1 American Mineralogist, Vol. 65, p205, 1980.

Russia

Southern Ural Mountains, Orenburg Oblast, Kumak Deposit. Material was found in quartz veins. The best specimen was a 3 cm piece of gray white quartz with a thin sheet of native aluminum measuring about 5 mm across.1 The specimen is in the Fersman Museum in Moscow.

1 Dmitry Belakovsky, personal communication 2002.

19th Jan 2005 07:37 UTCRock Currier

For what it is worth.


*Aluminum Rare species collections.

Al, A native metallic element.

Aluminum has now been found in several localities in Russia and elsewhere. It has been found in diatremes in Kazakhstan and a skarn deposit at Taror, Tajikistan and in epithermal veins at Nikitovka Mercury deposit, Ukraine. Also found in a lunar rock. Initially there were many in Russia and elsewhere who felt that native aluminum was reported in error. Even the late and highly venerated Michael Fleischer commented “This seems extremely improbable from thermodynamic considerations.” Translating this into the common vernacular it means “No fu----- way!” Dmitry Belakovsky of Moscow thought he had discovered native aluminum in some charoite samples he was working on. It turned out however that the aluminum was from the aluminum foil that the miners had used to wrap the explosives they were using when blasting the charoite out of the deposit.
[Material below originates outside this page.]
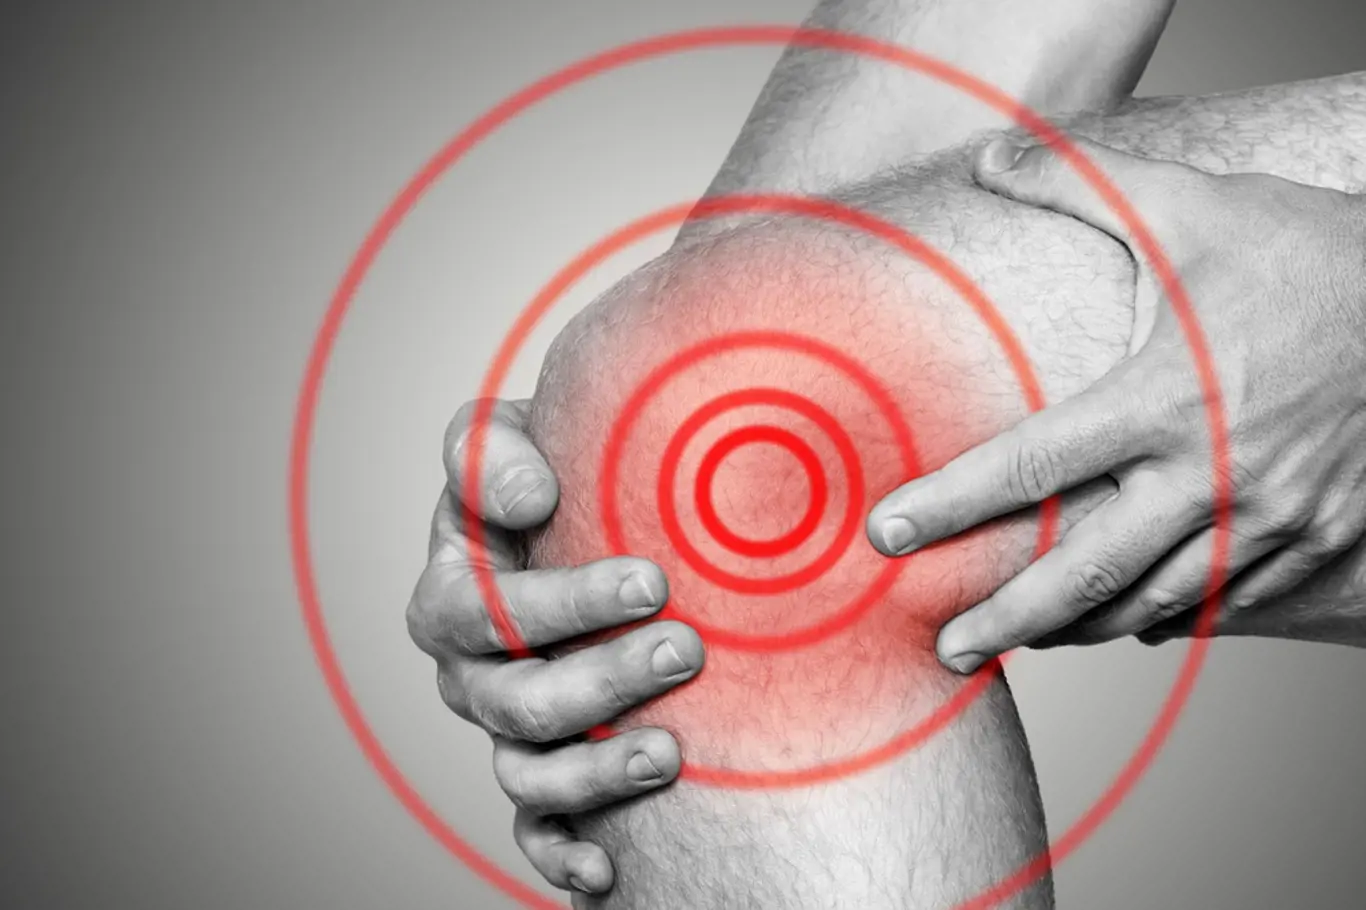 Akutní bolest v kolenním kloubu je velmi nepříjemná.

This and other reasons made it difficult for many researchers to believe that native aluminum had actually been discovered. Dimitry assures me however that he has seen some specimens of aluminum in matrix that are certainly authentic.

1 American Mineralogist, Vol. 65, p205, 1980.

Russia

Southern Ural Mountains, Orenburg Oblast, Kumak Deposit. Material was found in quartz veins. The best specimen was a 3 cm piece of gray white quartz with a thin sheet of native aluminum measuring about 5 mm across.1 The specimen is in the Fersman Museum in Moscow.

1 Dmitry Belakovsky, personal communication 2002.